» **WHAT YOU NEED TO DO**
Report every line below that has the string "John" in it.

Recorded data
---------------
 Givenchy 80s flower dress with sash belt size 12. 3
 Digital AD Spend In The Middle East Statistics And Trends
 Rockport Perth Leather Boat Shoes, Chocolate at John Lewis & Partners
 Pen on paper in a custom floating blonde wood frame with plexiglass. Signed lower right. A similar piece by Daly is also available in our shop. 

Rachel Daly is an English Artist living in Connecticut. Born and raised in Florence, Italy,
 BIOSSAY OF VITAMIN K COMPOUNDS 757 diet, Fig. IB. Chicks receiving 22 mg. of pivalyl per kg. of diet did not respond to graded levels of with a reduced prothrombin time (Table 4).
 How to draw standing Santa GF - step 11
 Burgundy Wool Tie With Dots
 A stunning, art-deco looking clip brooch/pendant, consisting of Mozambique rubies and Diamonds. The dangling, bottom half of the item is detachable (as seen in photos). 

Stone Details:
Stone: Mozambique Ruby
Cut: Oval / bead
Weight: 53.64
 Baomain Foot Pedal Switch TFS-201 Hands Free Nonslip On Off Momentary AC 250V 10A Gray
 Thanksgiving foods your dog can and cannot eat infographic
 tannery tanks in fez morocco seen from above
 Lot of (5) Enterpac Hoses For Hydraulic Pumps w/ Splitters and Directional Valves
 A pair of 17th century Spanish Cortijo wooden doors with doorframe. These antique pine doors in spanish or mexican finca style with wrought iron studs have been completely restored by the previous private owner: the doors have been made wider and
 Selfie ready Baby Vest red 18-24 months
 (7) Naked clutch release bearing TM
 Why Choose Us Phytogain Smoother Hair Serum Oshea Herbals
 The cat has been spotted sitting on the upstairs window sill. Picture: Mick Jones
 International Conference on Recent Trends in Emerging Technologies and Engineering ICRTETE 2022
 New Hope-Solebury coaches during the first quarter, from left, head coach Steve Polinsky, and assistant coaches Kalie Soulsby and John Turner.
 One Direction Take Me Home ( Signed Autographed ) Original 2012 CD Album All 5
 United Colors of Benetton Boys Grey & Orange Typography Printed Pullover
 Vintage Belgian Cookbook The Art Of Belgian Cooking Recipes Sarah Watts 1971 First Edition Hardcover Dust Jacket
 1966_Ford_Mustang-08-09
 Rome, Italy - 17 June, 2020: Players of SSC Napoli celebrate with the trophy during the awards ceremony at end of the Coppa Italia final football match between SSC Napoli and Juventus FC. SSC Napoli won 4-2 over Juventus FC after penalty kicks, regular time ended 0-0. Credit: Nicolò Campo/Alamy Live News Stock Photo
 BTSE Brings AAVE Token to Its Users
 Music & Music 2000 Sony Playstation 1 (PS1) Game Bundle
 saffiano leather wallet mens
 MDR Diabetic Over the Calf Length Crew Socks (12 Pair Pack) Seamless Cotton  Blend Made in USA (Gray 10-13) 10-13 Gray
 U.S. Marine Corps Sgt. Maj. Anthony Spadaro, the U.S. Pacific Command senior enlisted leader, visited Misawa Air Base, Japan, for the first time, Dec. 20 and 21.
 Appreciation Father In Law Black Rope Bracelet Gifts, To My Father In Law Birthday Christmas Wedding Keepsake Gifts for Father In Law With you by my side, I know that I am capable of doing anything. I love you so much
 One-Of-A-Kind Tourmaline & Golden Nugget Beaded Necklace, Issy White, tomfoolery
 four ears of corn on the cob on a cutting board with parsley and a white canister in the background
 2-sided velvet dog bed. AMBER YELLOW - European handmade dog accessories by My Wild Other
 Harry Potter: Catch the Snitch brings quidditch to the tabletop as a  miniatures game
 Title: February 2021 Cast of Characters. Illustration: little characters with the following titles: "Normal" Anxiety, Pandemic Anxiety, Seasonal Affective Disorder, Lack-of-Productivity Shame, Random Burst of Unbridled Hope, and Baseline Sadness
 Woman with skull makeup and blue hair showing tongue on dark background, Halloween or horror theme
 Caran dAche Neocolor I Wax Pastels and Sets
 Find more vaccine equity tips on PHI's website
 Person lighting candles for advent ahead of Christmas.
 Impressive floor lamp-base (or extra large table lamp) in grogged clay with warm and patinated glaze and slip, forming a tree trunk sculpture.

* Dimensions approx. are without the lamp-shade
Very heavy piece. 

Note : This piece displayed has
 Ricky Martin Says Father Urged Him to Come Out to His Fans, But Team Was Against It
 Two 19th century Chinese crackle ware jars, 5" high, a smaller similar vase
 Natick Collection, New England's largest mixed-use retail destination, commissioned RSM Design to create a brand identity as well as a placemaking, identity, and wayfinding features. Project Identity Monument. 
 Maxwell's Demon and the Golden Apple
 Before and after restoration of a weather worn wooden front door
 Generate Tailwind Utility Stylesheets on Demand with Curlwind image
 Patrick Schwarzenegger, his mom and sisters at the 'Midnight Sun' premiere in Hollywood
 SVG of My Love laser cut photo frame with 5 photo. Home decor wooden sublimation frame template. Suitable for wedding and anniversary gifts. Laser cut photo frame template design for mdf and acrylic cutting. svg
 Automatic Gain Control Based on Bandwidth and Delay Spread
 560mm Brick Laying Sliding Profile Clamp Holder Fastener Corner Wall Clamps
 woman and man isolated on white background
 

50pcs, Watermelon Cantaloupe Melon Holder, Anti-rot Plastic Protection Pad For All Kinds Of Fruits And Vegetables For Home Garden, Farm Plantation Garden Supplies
---------------
» **RESPONSE AREA**
 Rockport Perth Leather Boat Shoes, Chocolate at John Lewis & Partners
 New Hope-Solebury coaches during the first quarter, from left, head coach Steve Polinsky, and assistant coaches Kalie Soulsby and John Turner.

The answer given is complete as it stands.